The regulators — the Federal Reserve, the Federal Deposit Insurance Corp., and the Office of the Comptroller of the Currency — issued the proposed guidance in March. While the guidance isn’t law, it is a good indication of the information that examiners will regularly request from banks.
The guidance is intended to prevent a repeat of 2006–2007, when aggressive underwriting led to “covenant-lite” loans that left banks with little recourse when the recession hit and companies defaulted. Considering many borrowers’ risk profiles at the time, the capital structures and repayment prospects for transactions were too aggressive, according to the regulators.

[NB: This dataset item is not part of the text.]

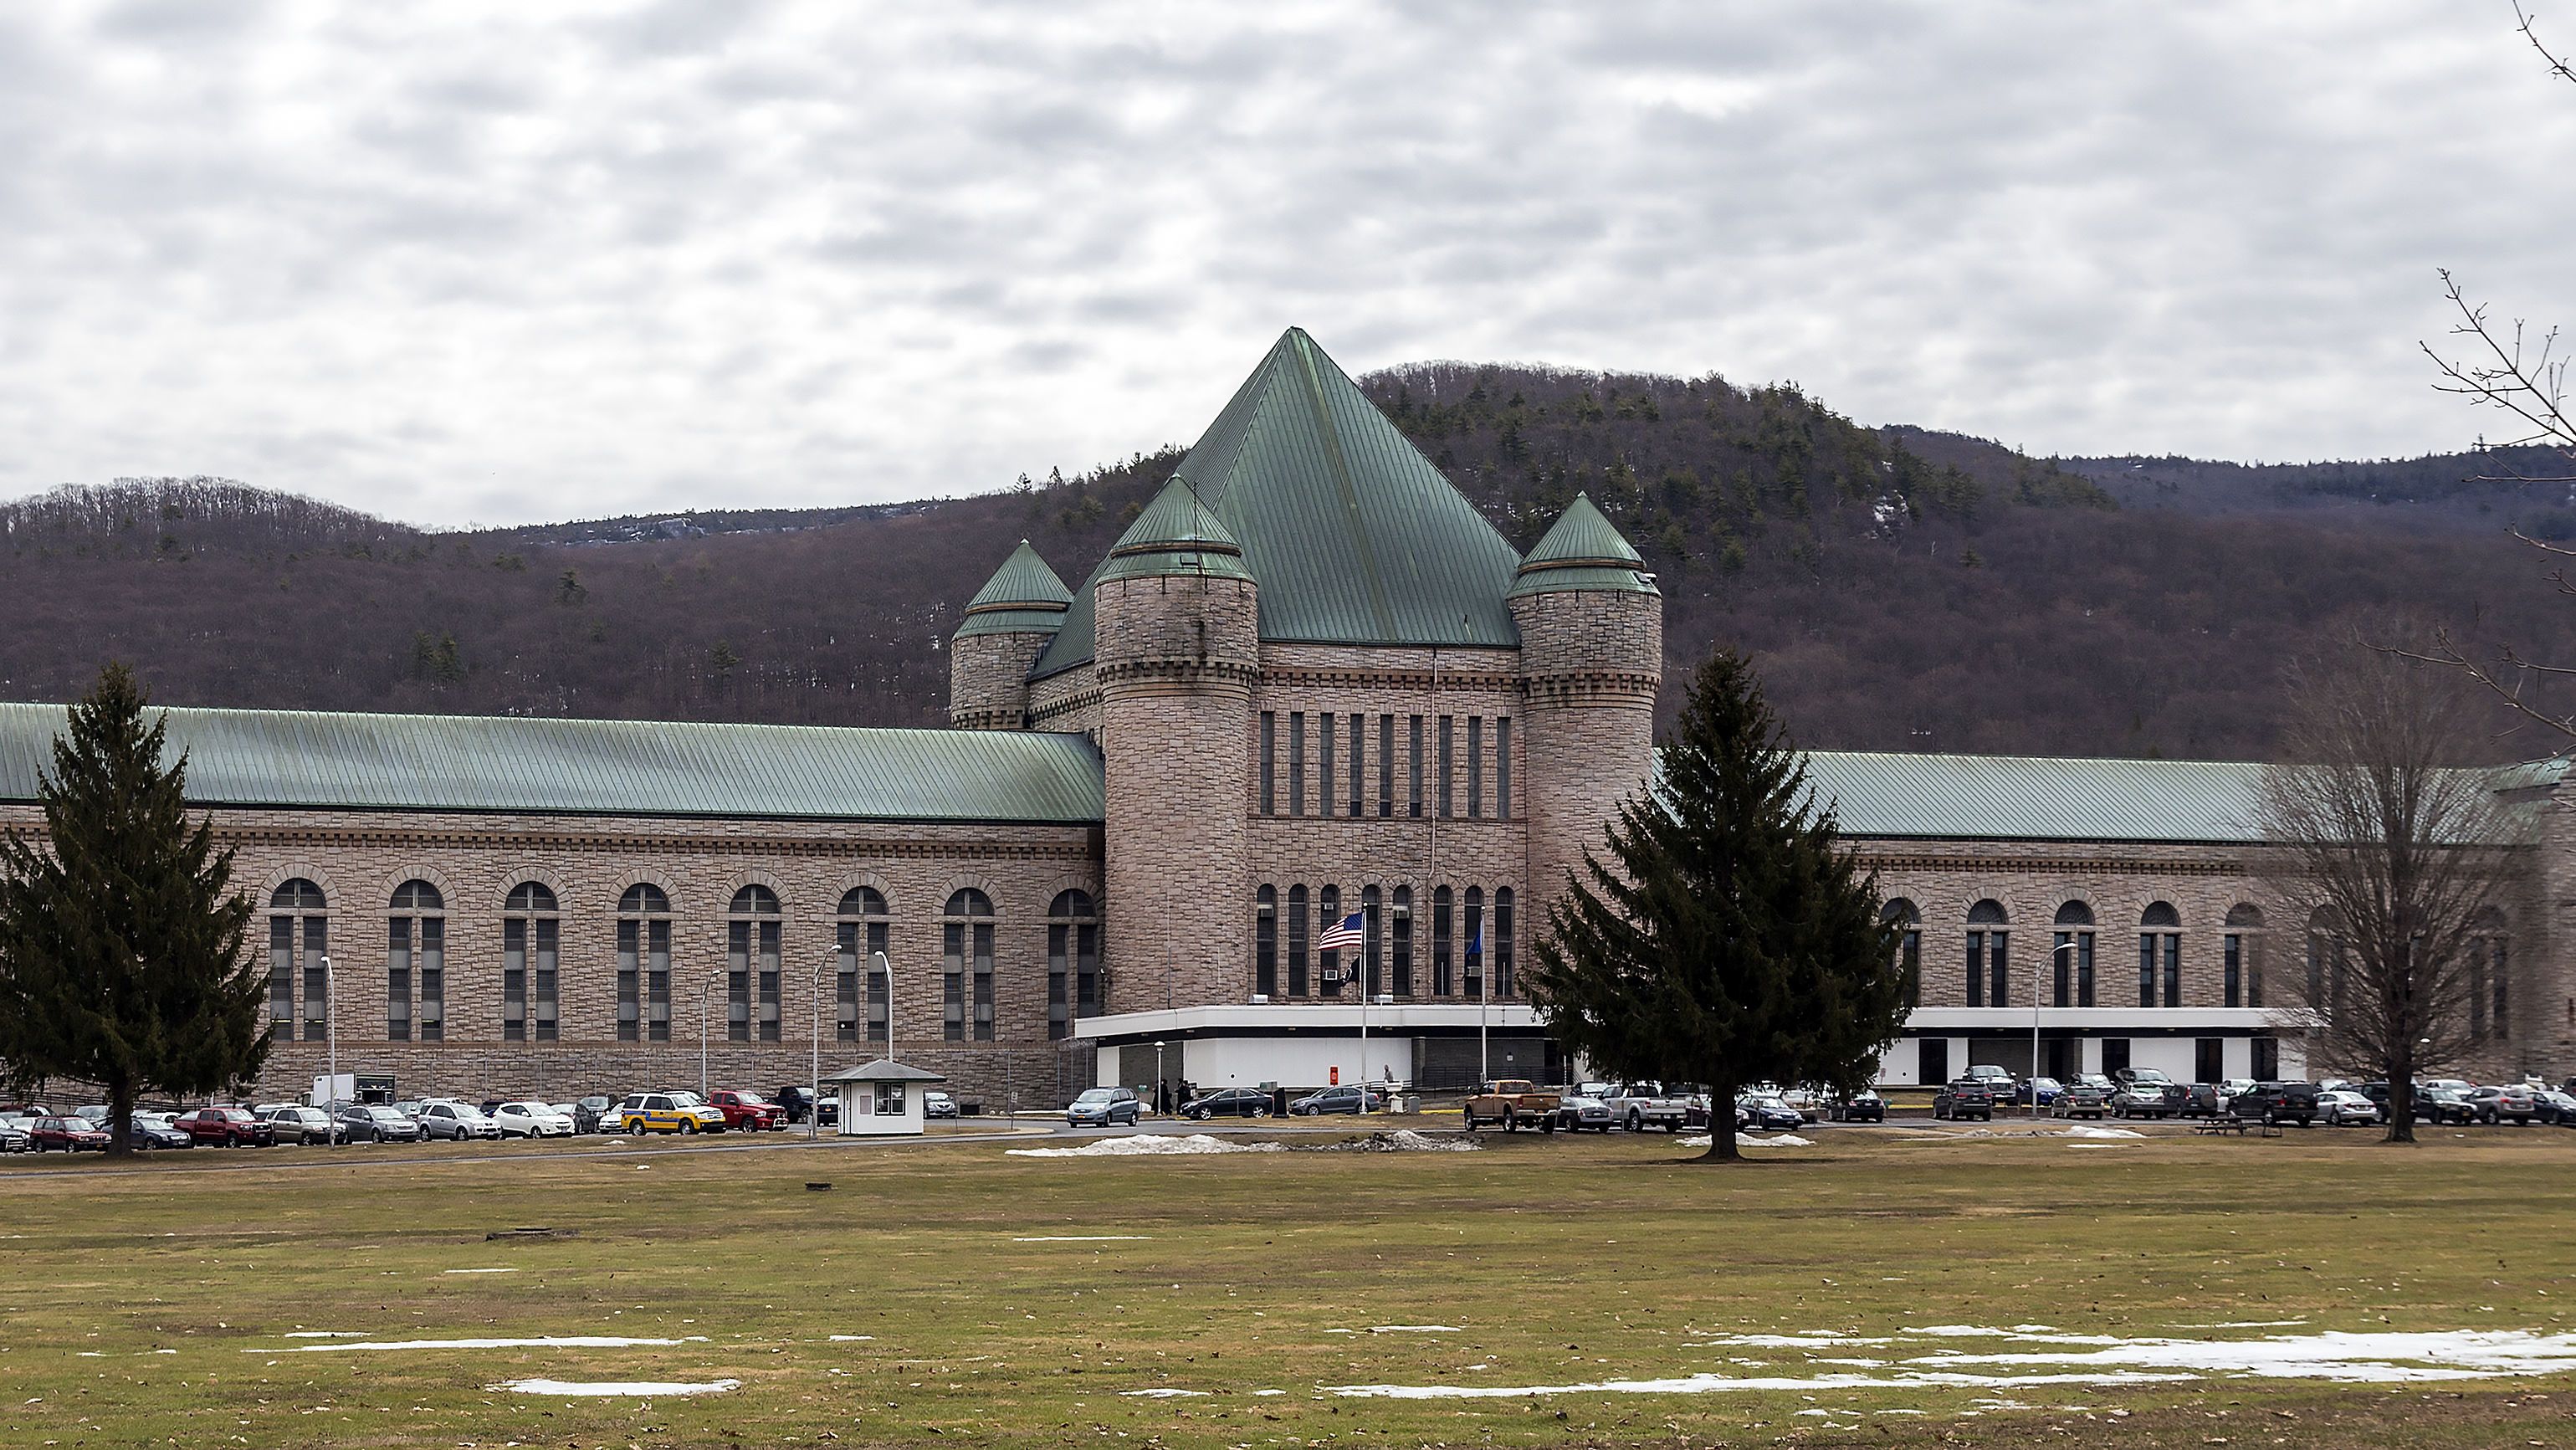 Inmates at this maximum-security prison in upstate New York defeated Harvard's debate team.

Now, “banks will have to establish an overall strategic level or ‘appetite’ for this kind of financing,” says James Defrantz, senior consultant at CCG Catalyst, a bank consultancy. “They better have a strategic plan, a plan for constant monitoring, and an exit plan.”

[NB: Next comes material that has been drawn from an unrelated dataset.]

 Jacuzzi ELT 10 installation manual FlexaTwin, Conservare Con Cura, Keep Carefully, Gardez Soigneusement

Companies and private-equity firms, meanwhile, may find it harder to get a bank to back their deals, as regulators want highly leveraged deals underwritten with an eye toward the borrower’s ability to fully pay back the debt or pare back its total debt in five to seven years.

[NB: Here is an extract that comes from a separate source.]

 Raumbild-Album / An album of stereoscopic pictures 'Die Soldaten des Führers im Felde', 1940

One of the biggest changes in the guidance centers on suggestions for how banks should account for the financial condition of the buyout firm in their internal risk ratings. Banks usually analyze a loan based on the borrower’s stand-alone financials, but they have been able to also consider a PE firm’s ability to “provide financial support” to an ailing investment.
The new guidance doesn’t change that, but it provides much more detail on how banks should evaluate that potential support. It suggests a periodic review of the buyout firm’s financial statements, liquidity, and past practices with regard to dividends and capital contributions.
An IT Challenge
A big question for banks will be whether their IT systems can handle the additional reporting and analytics that bank examiners may request on leveraged-loan portfolios. Many bank systems are not sophisticated enough to do even simple things like aggregate risk exposure across product lines, says Christine Pratt, a senior analyst at Aite Group. “If a construction firm has multiple commercial real estate and development loans with a bank and has a small-business loan as well, many systems can’t tie that information together,” she says.
Banks have until June 8 to comment on the guidance. They are expected to say that any clampdown on leveraged-loan underwriting will hamper their ability to finance mergers and acquisitions and impose undue regulatory burdens on the industry. But such guidance, especially that related to stress-testing, can protect banks, says Kimberly Songer, director of risk products at Harland Financial Solutions.
“The idea is not to approve fewer loans,” wrote Songer in a recent blog post. “A more effective portfolio analysis enables lenders to take action long before liquidation — requesting additional guarantees, business-loan agreements, or collateral adjustments.”
Firms issued $18 billion of highly leveraged debt in February, an eight-month high, according to S&P Leveraged Commentary and Data.